I don’t know about you, but I’ve seen a shift in the speaking industry where instead of just stand and deliver, it is now interactive. It is now content weaving. It is now, how can I make your event like the best event? I don’t just come and get my check and go, so what, what are some of the pros that you see maybe some of the cons of that, that someone may need to be aware of it. They’re going to go into this kind of a field, or even, even utilize speaking in whatever it is that they want to do. What, what can they do as far as having this new mindset of, this isn’t just full notes and speak, but what are you going to do with that?

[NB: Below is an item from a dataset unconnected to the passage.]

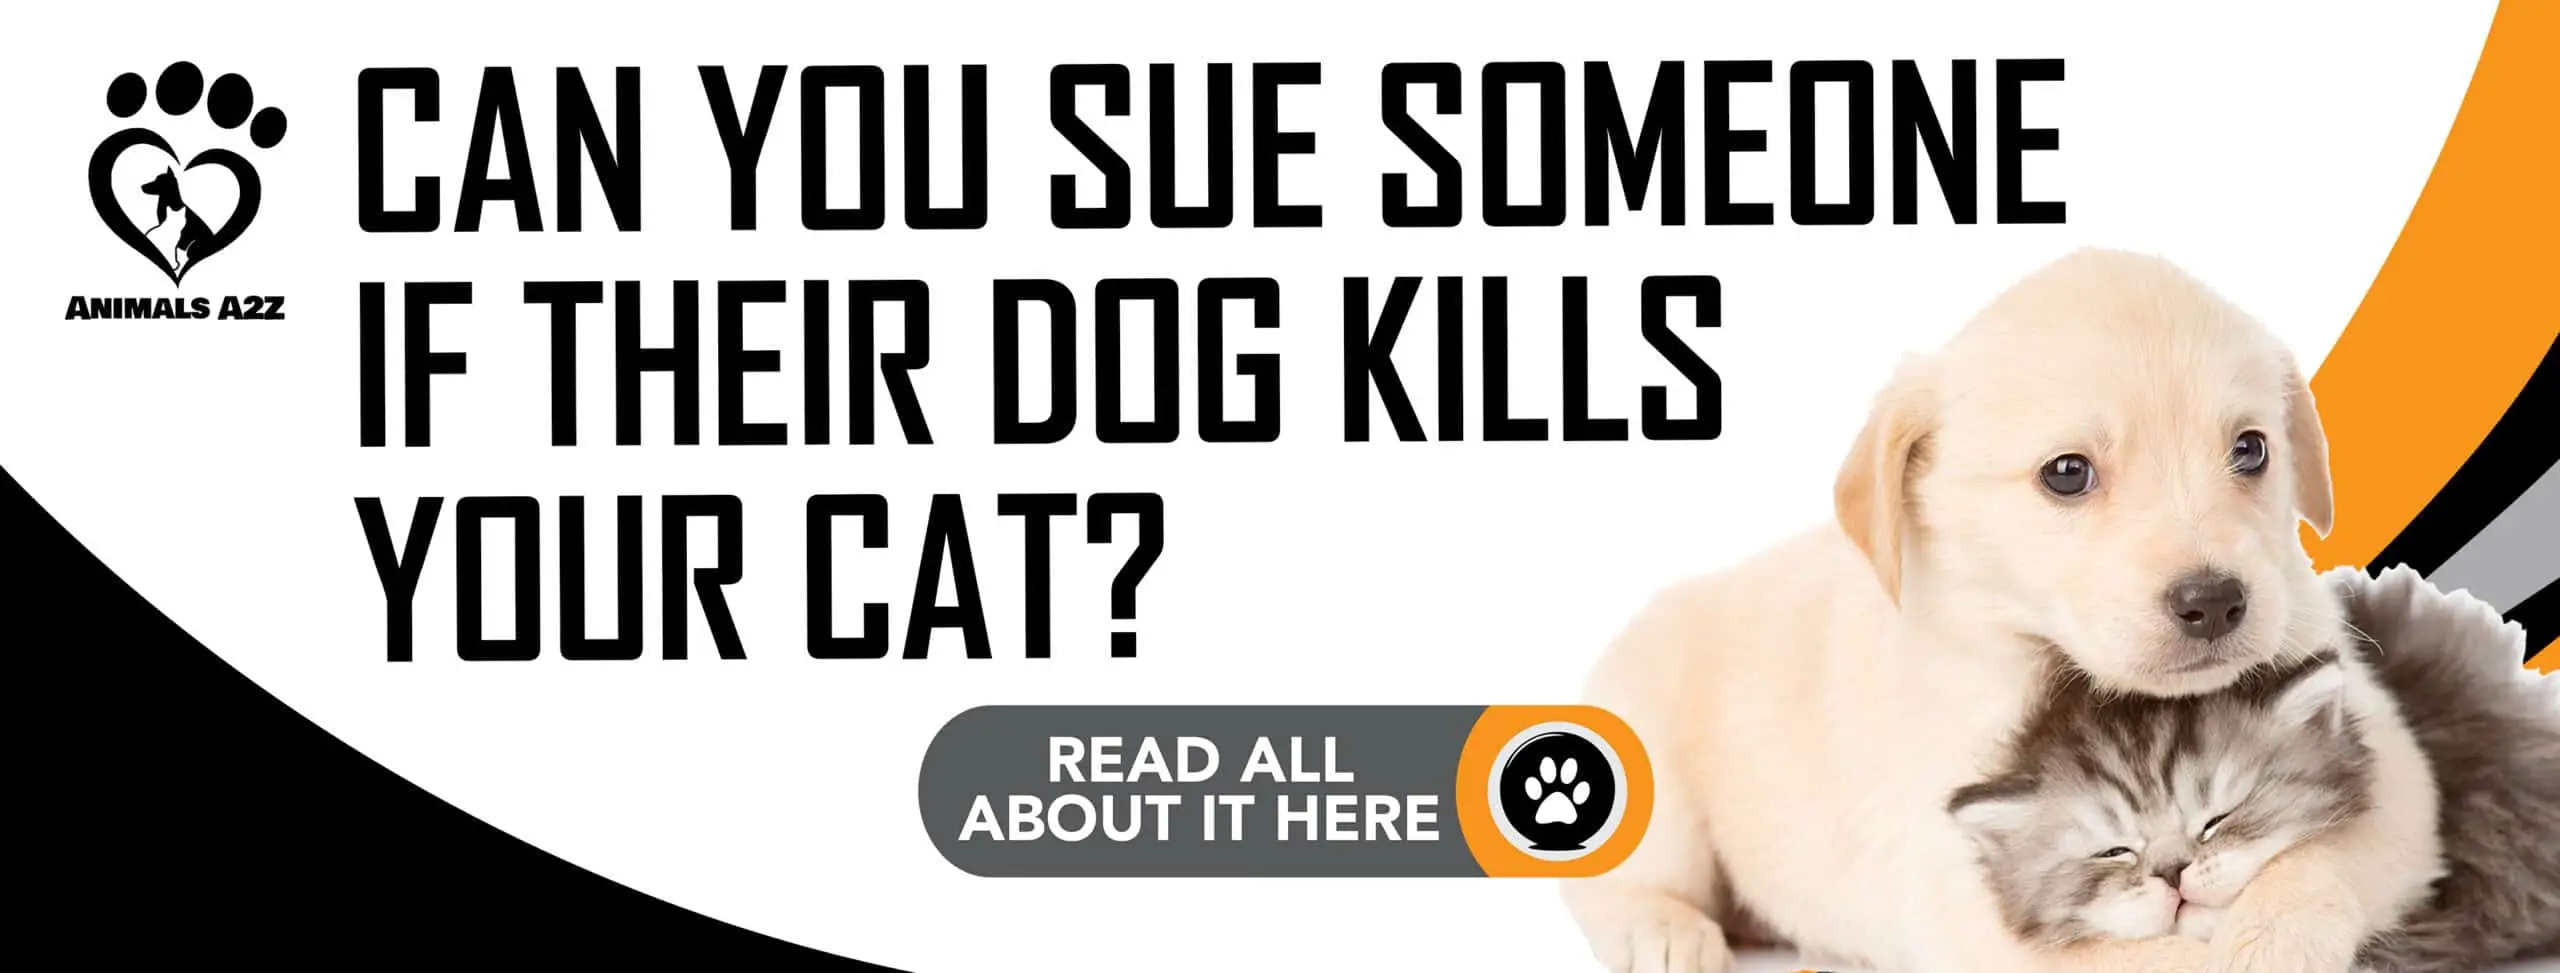 ¿Puedes demandar a alguien si su perro mata a tu gato?

Yeah, because I think because of the growth that we’ve, we’ve, we’ve, we’ve seen now more than ever, I talked to so many people in they’re, oh yeah, I’m a speaker, I’m a coach, or yeah, I’m a, I’m a, I’m a, I’m a life skills guy. Yeah. I mentor. Like I feel like so many people do that now and, and yes, it’s a great industry. Yes. It’s, it’s a big need right now. But because of that, you, it’s, it’s somewhat oversaturated. There’s a lot of people that claim themselves as speakers or that are wanting to do this, but there– So you have to remember that and you have to realize that when somebody’s looking at you for an event, they’re probably looking at, at six other people as well. And you have to think about what distinguishes me from them.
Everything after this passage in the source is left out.